📜 ⬆️ ⬇️

Backblaze statistics, a scientific approach to analyzing drive reliability

The firm Backblaze regularly publishes statistics on the failures of its hard drives, and even laid out in free access the full archov with the SMART statistics of the parameters of all their drives.


In this article I will show how using with scrap and some mother using scientific methods to calculate the reliability of drives.


Survival Analysis


In statistics, a section called “survival analysis” deals with survival or reliability analysis .

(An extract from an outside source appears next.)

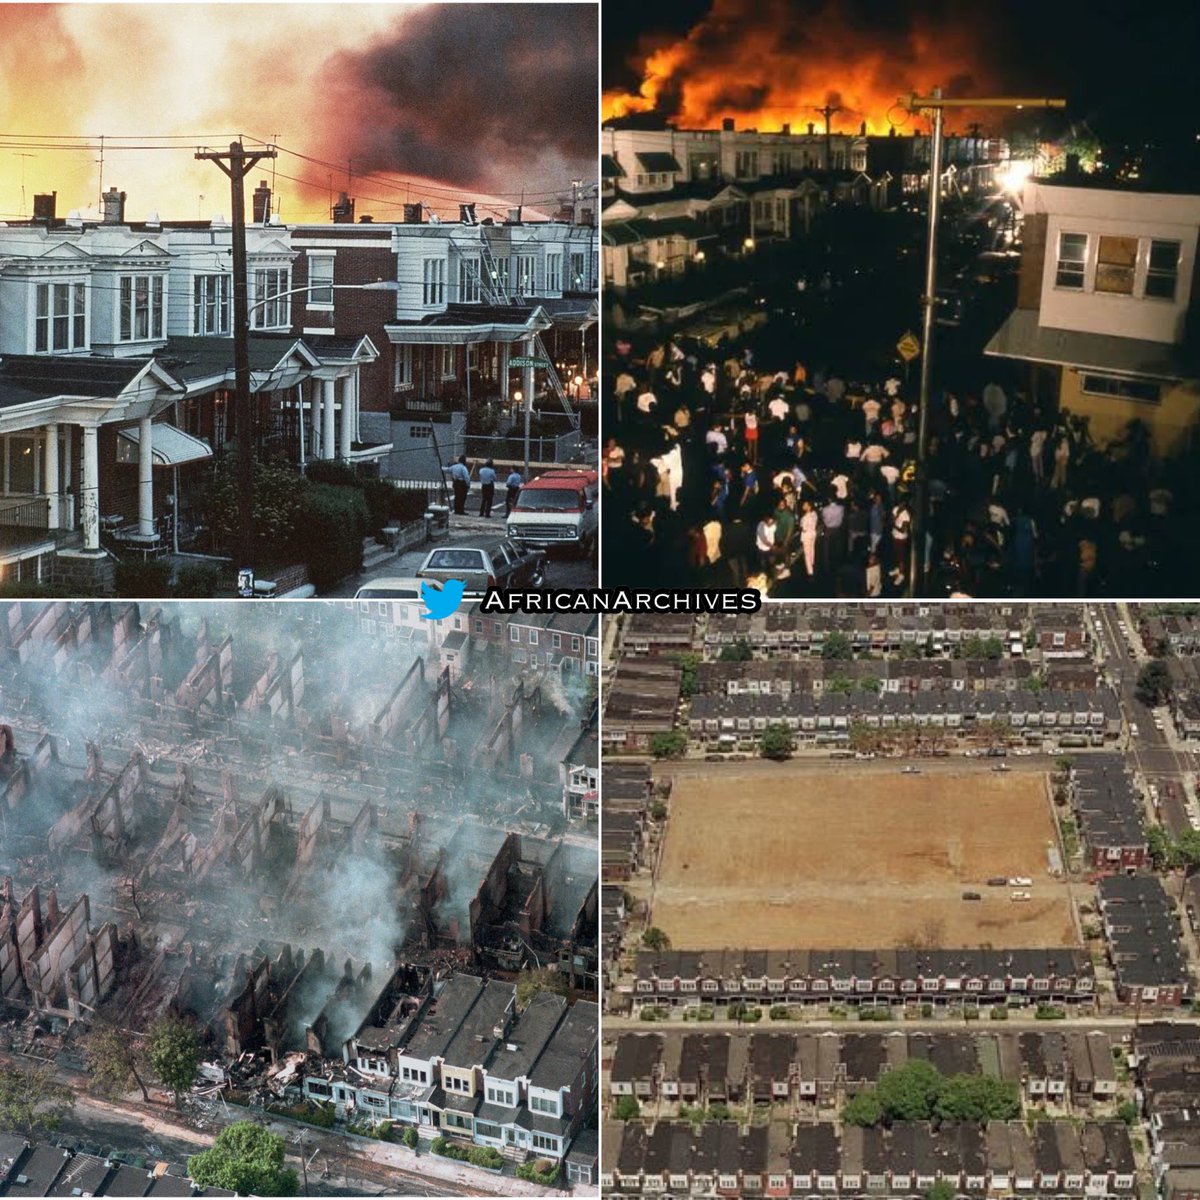 On this day in 1985, Philadelphia Police Department dropped a bomb onto a residential home occupied by the MOVE Organization. The Fire Department let the fire burn out of control, destroying 61 homes over two city blocks. 11 people died including 6 children THREAD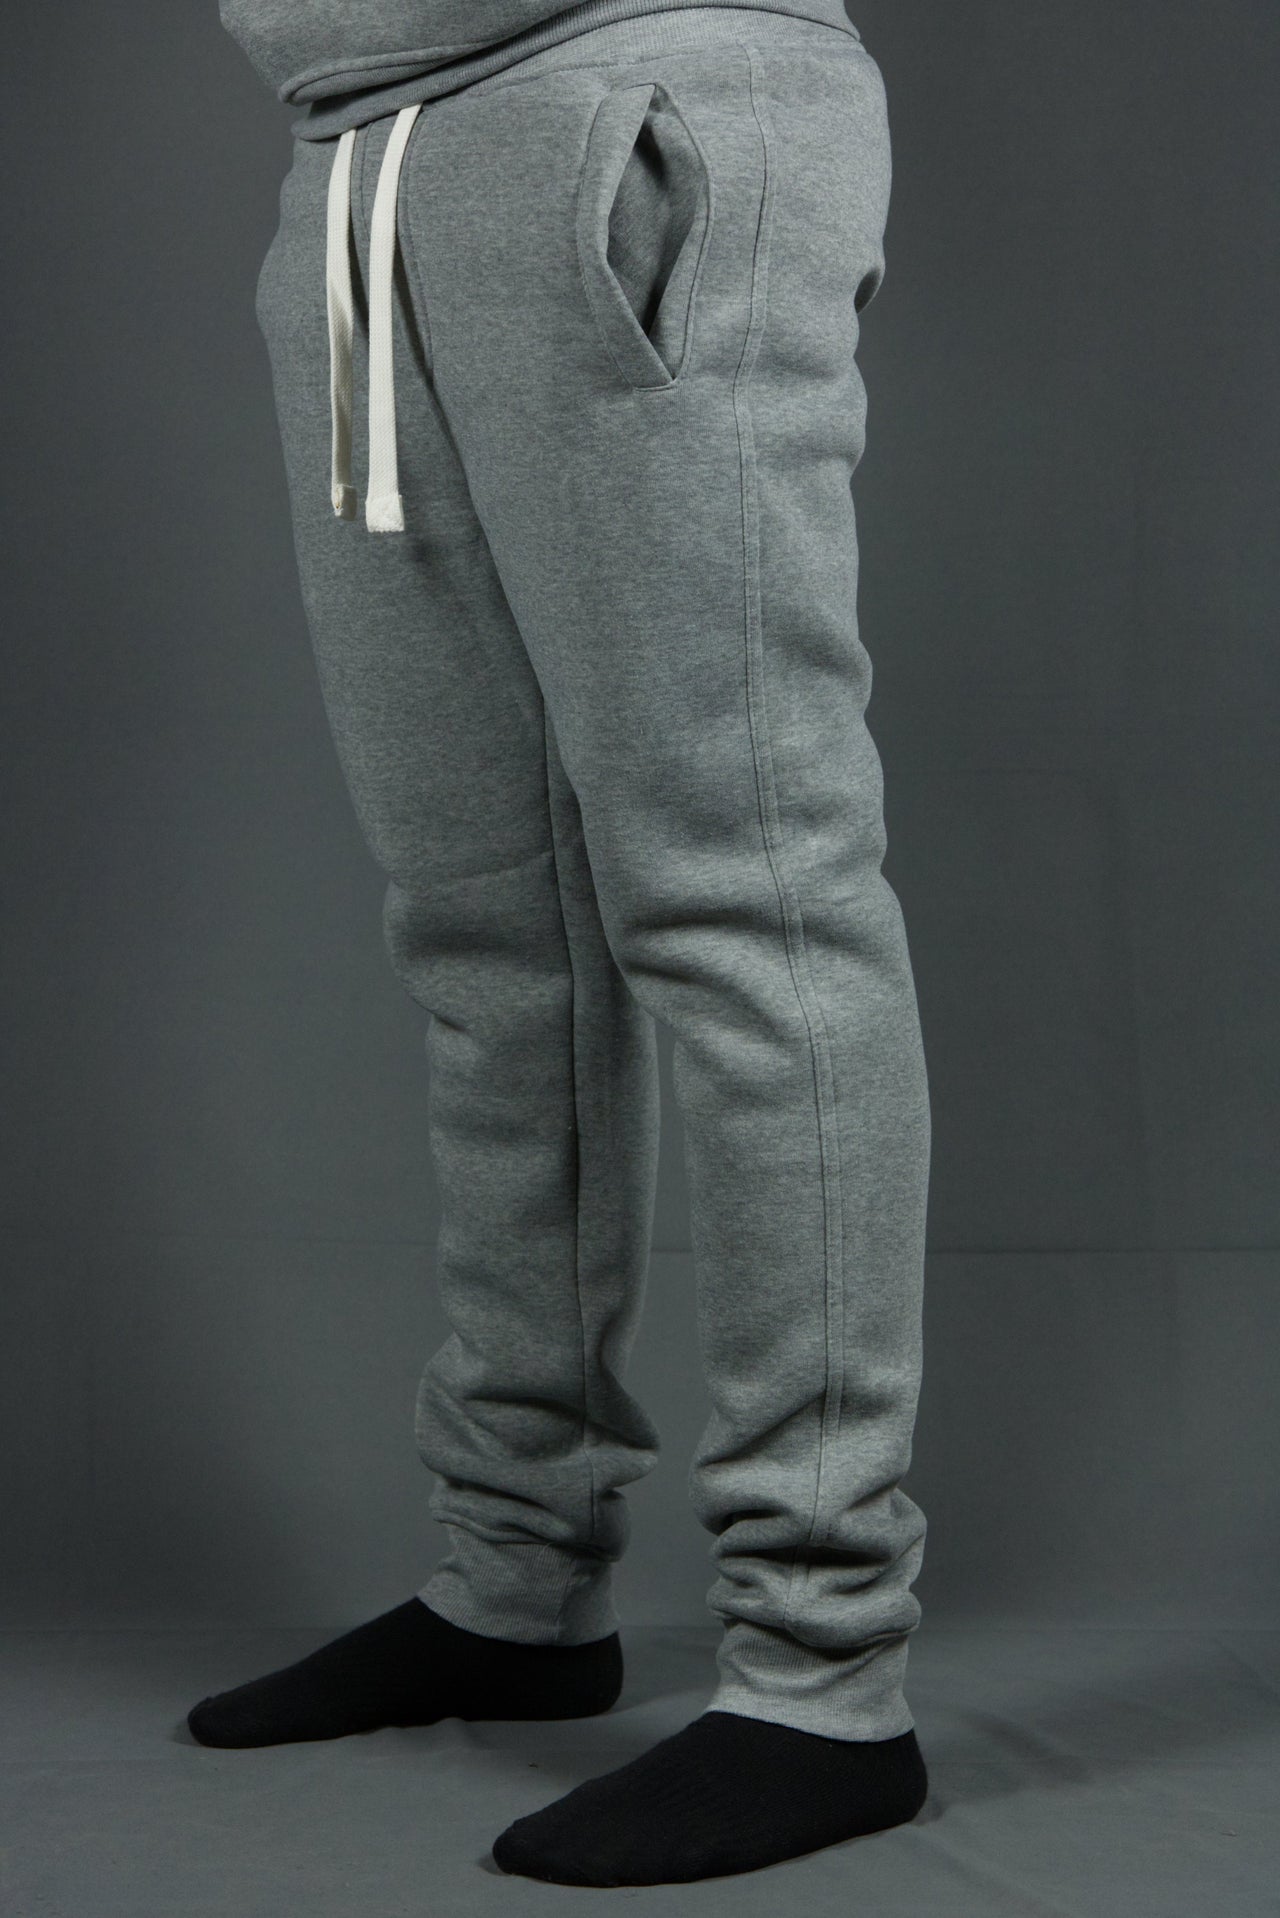 The bottom cuffs of these basic fleece heather grey sweatpants feature two spacious front pockets

In short, this is a set of methods that allow comparing and counting how various factors affect life expectancy (in medicine), time between failures (in mechanics), etc. In general, this is an analysis of the time before the onset of some event. That is, to answer the question, such as: “What will be the proportion of survivors among patients some time after the applied treatment technician?” Or “What percentage of accumulators will fail next year?”.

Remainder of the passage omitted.